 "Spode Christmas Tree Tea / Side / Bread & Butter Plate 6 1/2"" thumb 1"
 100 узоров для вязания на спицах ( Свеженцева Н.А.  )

---

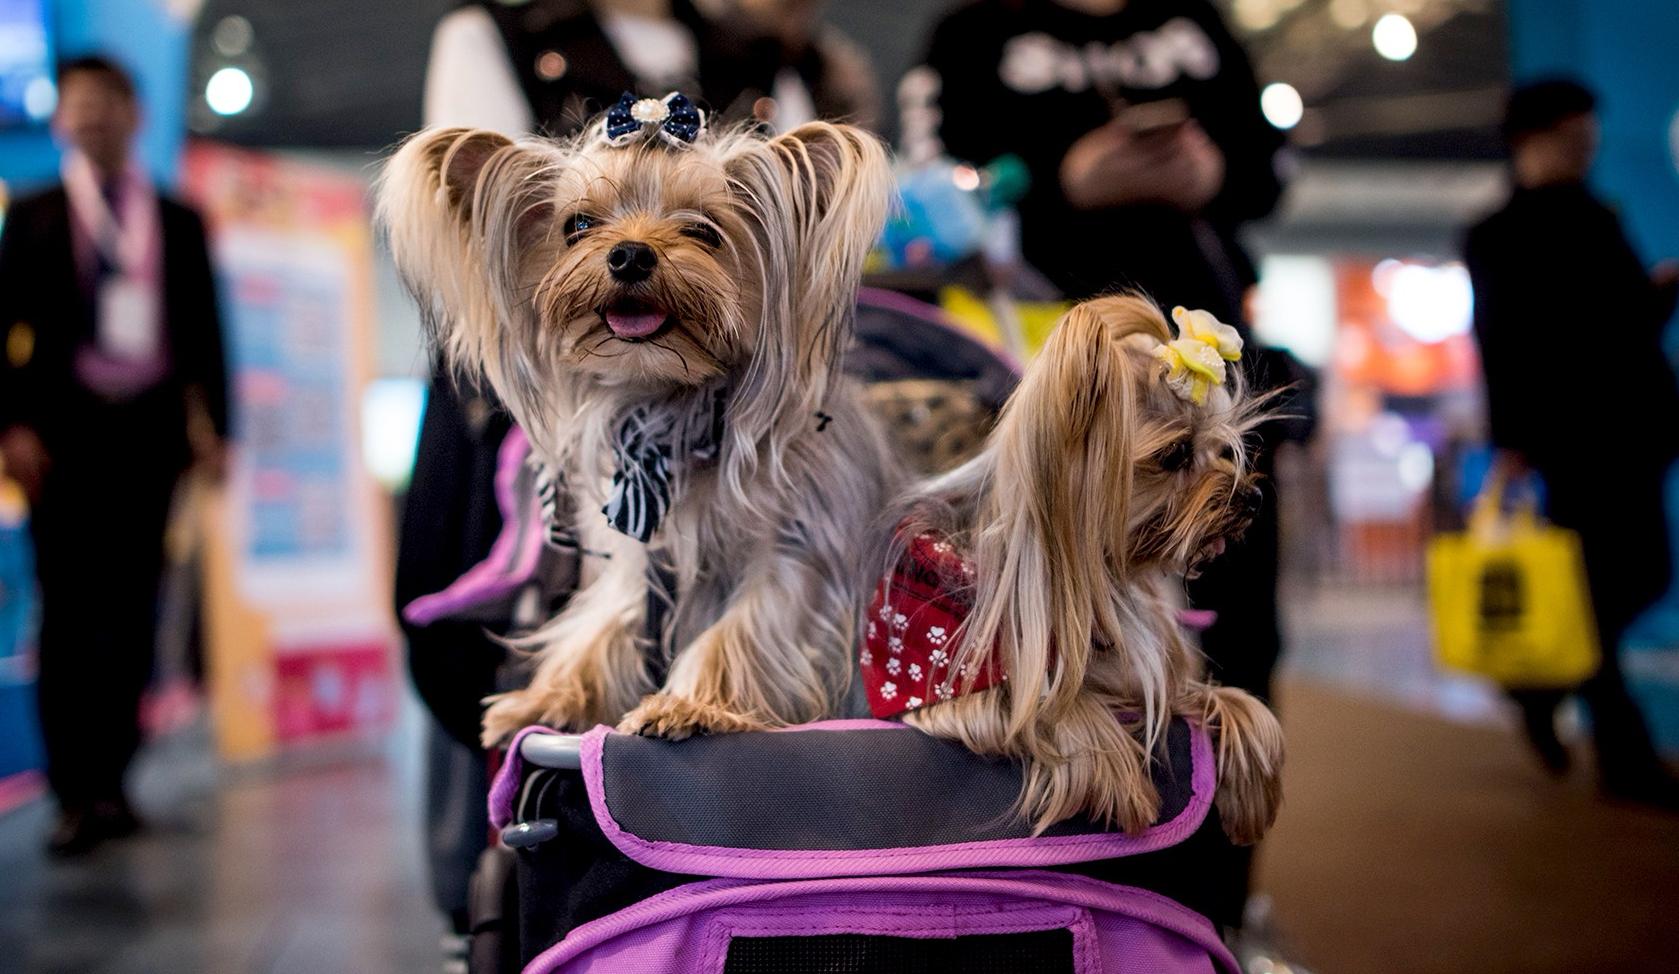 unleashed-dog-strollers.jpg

...

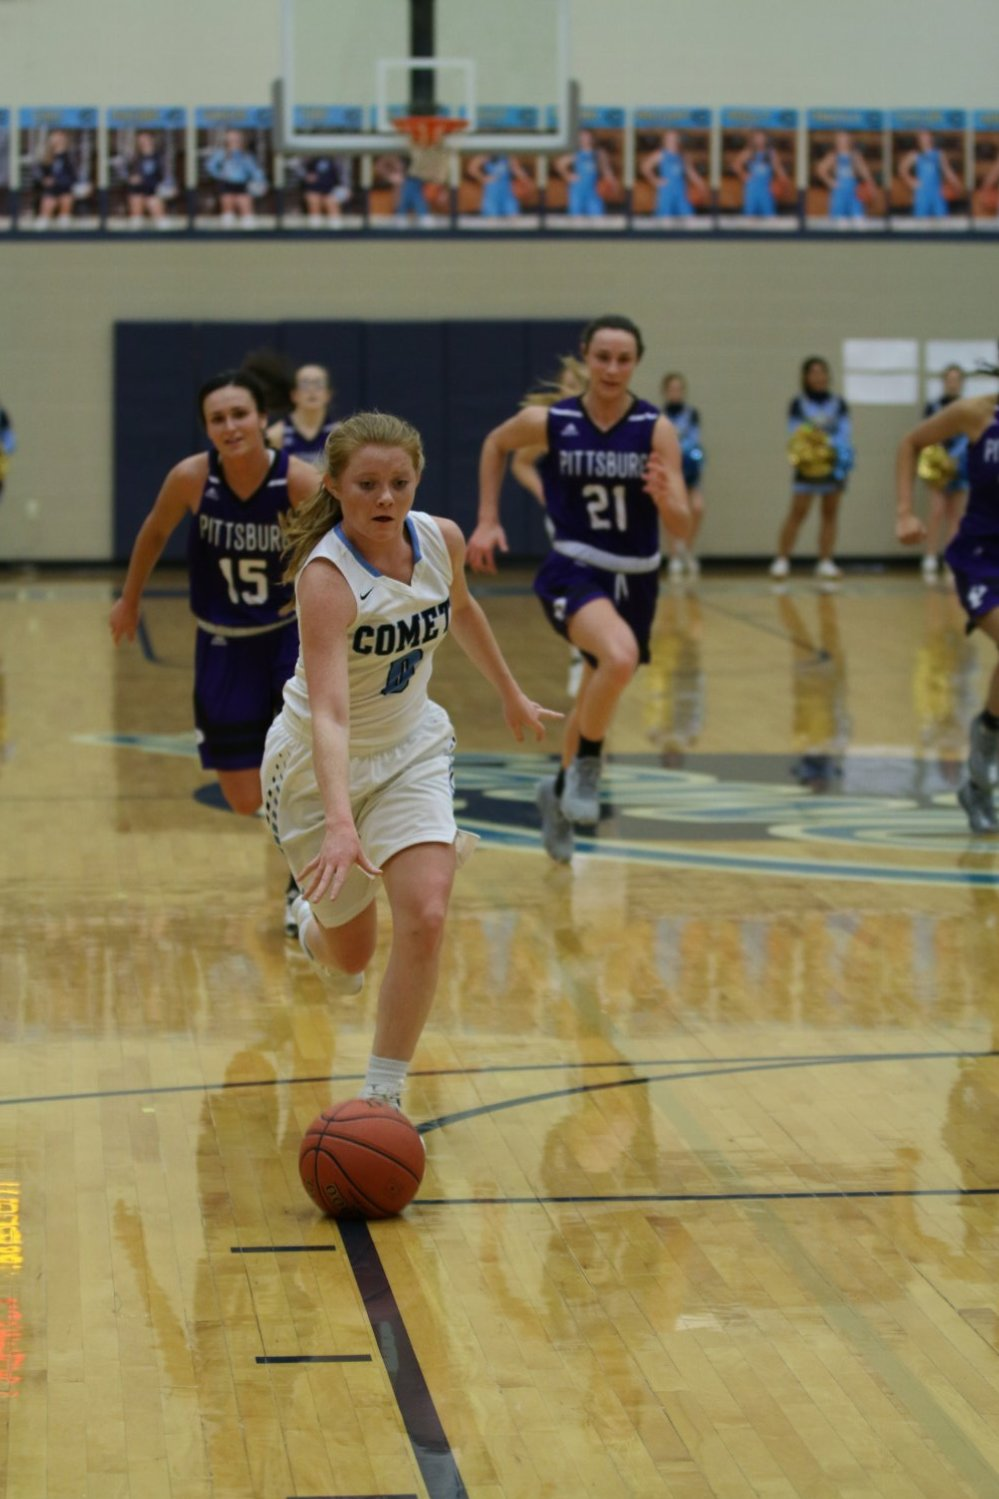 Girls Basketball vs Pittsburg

> _Required action_: From the data above, output only the lines between the line containing "Christmas Tree Tea" and the line containing "100 узоров для", inclusive, exactly as written.

> _Reply to the exercise_:
 "Spode Christmas Tree Tea / Side / Bread & Butter Plate 6 1/2"" thumb 1"
 100 узоров для вязания на спицах ( Свеженцева Н.А.  )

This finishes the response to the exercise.